Na modorra das tardes vadias na fazenda, era num sítio lá do bosque que eu escapava aos olhos apreensivos da família; amainava a febre dos meus pés na terra úmida, cobria meu corpo de folhas e, deitado à sombra, eu dormia na postura quieta de uma planta enferma vergada ao peso de um botão vermelho; não eram duendes aqueles troncos todos ao meu redor, velando em silêncio e cheios de paciência meu sono adolescente? que urnas tão antigas eram essas liberando as vozes protetoras que me chamavam da varanda? de que adiantavam aqueles gritos, se mensageiros mais velozes, mais ativos, montavam melhor o vento, corrompendo os fios da atmosfera? (meu sono, quando maduro, seria colhido com a volúpia religiosa com que se colhe um pomo).

Tal qual André, a personagem que protagoniza a novela e narra as consequências de seu asfastamento da propriedade rural da família, Raduan Nassar também está a empreender uma fuga. Foge do estereótipo cúpido, tão comum em nossos dias, para dedicar-se ao exame consciencioso da própria vida. Na solidão do campo, a contrario sensu, encontra a temperança. É mais humano no meio de bois e galinhas, no meio do milharal e da sojicultura. Aventura-se na terra não porque precisa, mas porque a ama e porque essa é a sua decisão. A sua decisão personalíssima.  
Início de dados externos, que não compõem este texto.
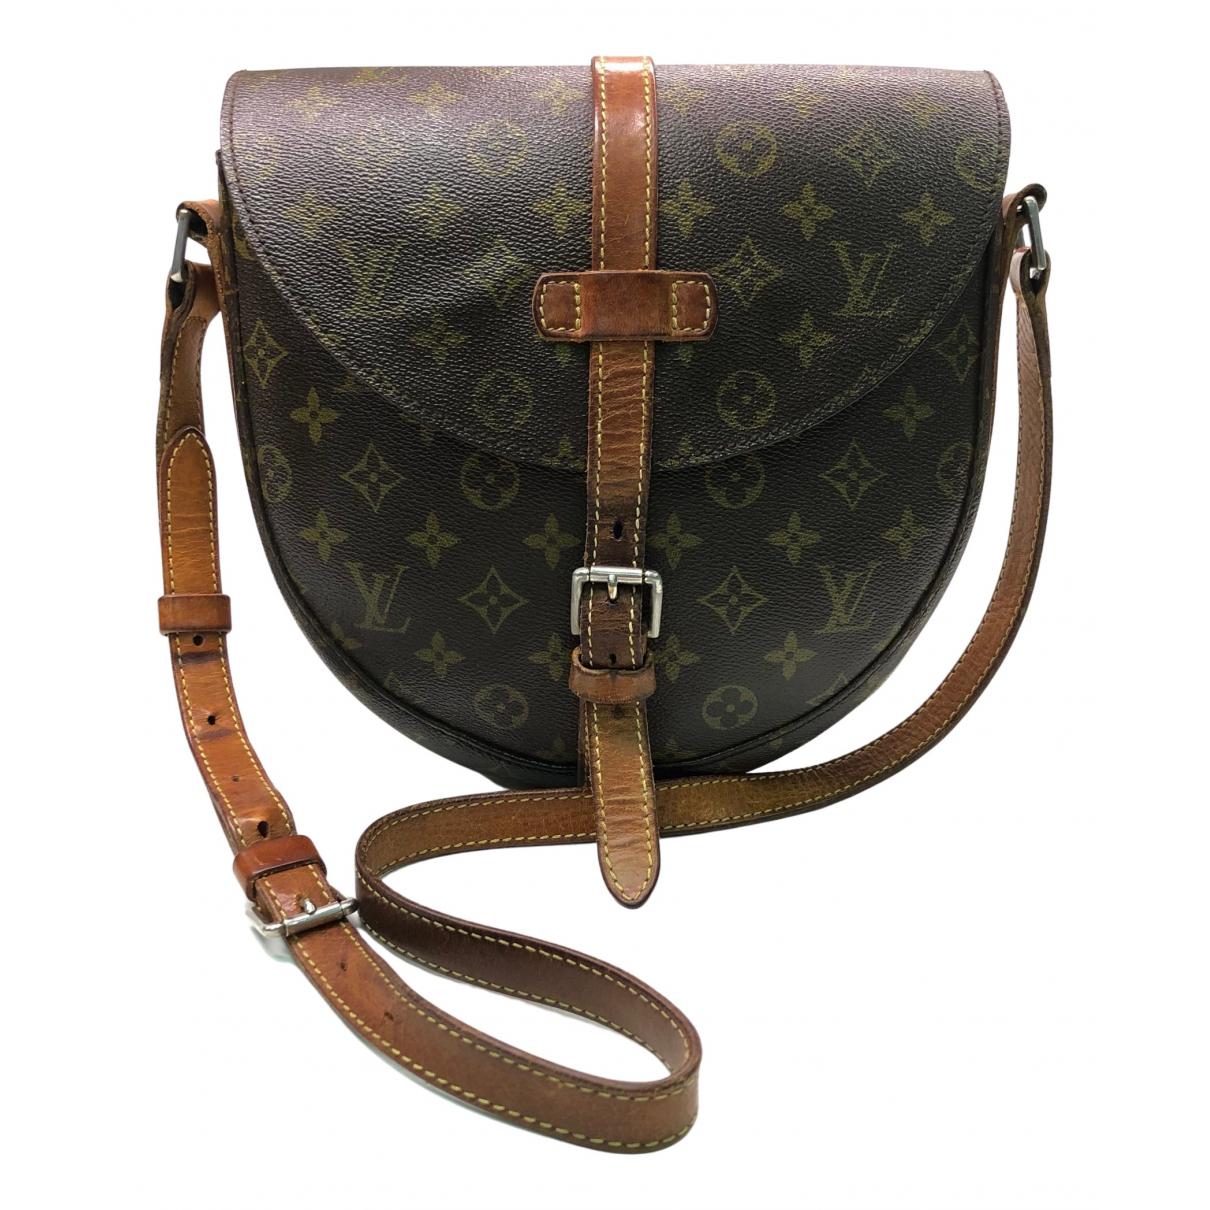 Louis Vuitton Chantilly Handtasche in  Braun Leinen
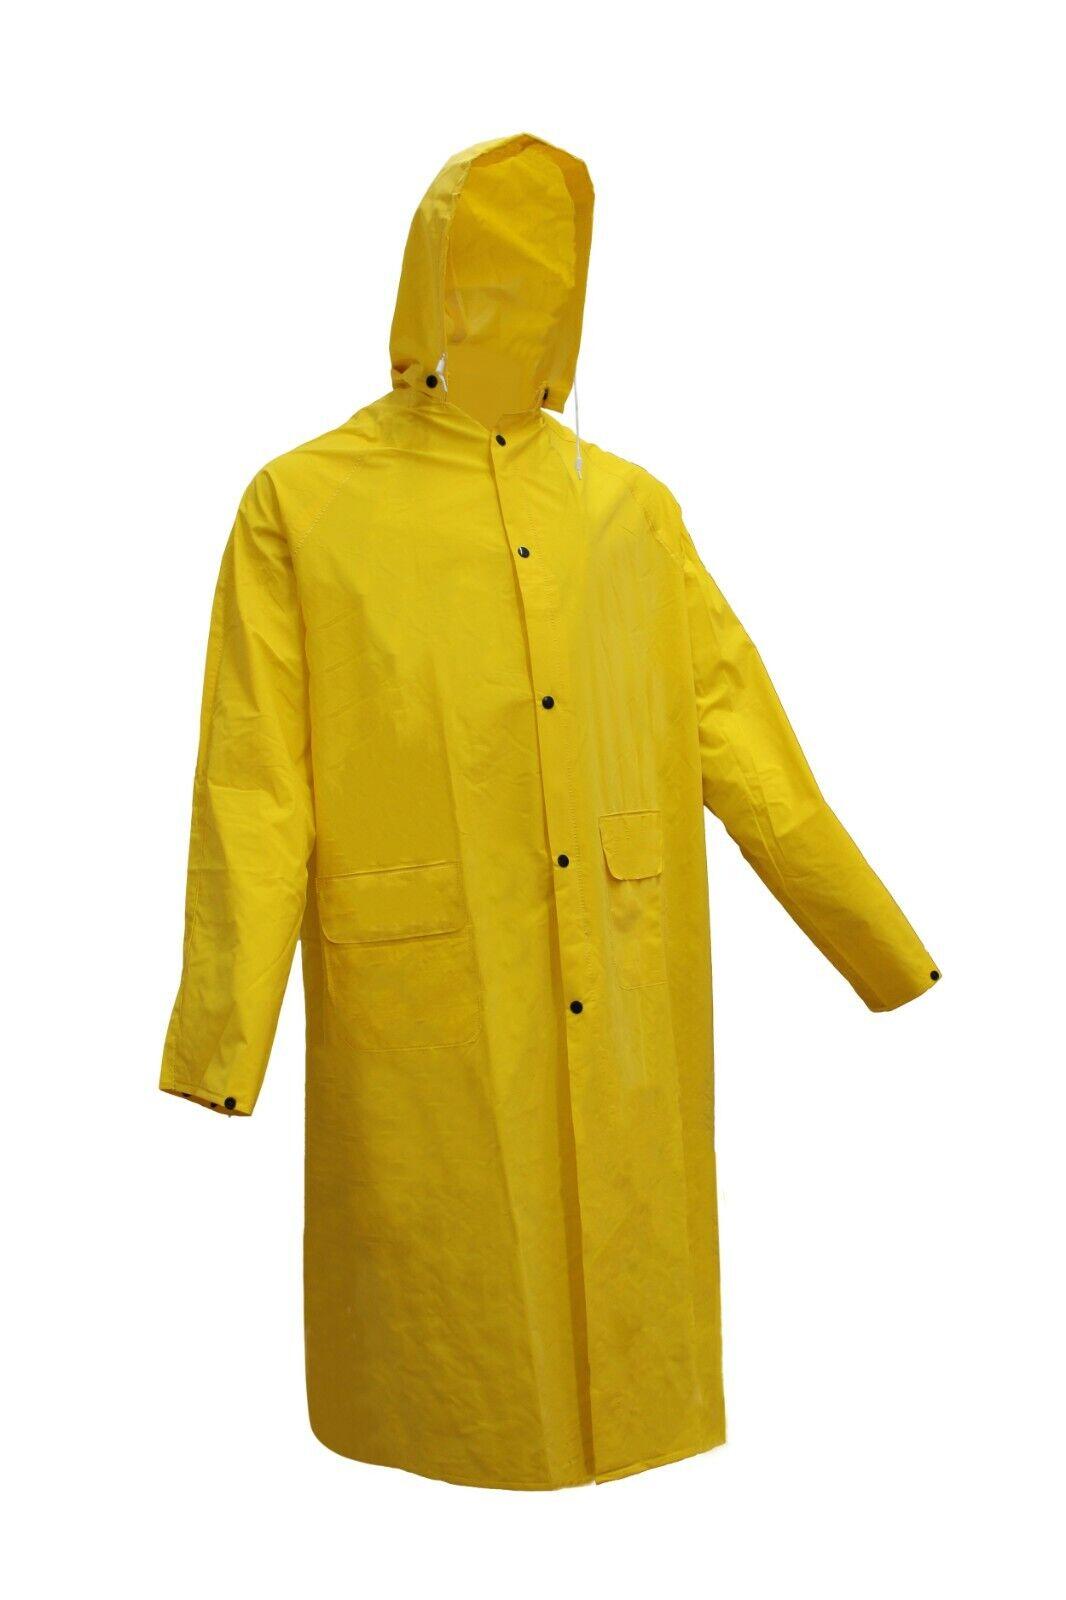 RK Safety RK-RC500 Rainwear Polyester Trench Rain Long Coat

Enquanto em Lavoura arcaica André - o personagem - foge da vida rural, para contrapor-se à crença excessivamente rigorosa do pai na ordem familiar, na vida real, Raduan - o homem - regressa ao campo sem ceticismos: troca os livros pelo arado, a biblioteca pelo trator, as palavras pelos grãos de sementes. Deixa a cidade e as letras pela agricultura. Essa é a sua decisão, a decisão de um homem livre. Então, muitos anos depois, doa sua fazenda. Vai arar outros campos, lavrar novas terras. Se sulcar o mesmo chão já não o faz livre, sua fuga já não se justifica. Vai-se embora. Procura outro caminho, uma nova lavoura, para amar, semear, cultivar. E o que a todos surpreende como um enigma, para o escritor faz todo o sentido, pois essa é a sua decisão. Nesse sentido, não existe ninguém neste mundo mais livre do que Raduan Nassar.   

REFERÊNCIAS

NASSAR, Raduan. Lavoura arcaica. 3ª ed. rev. pelo autor. São Paulo: Companhia das Letras, 2009. 194 p.

2 comentários:

  1. Esta era a verdadeira filosofia defendida por Tólstoi, desvirtuada por seus sucessores q tornaram o Tolstoianismo uma "anarquia cristã". Raduan Nassar, tal qual o mestre russo, parece q era adepto da verdadeira humildade, aquela condição humana que, derivada de "humus", nos ensina q o contato com a terra é um elemento de resgate da razão humana. Para ambos escritores o q produz dinheiro fomenta o consumismo e afasta o homem de seus propósitos. Só podemos admirar e desejar chegar lá. Belo texto.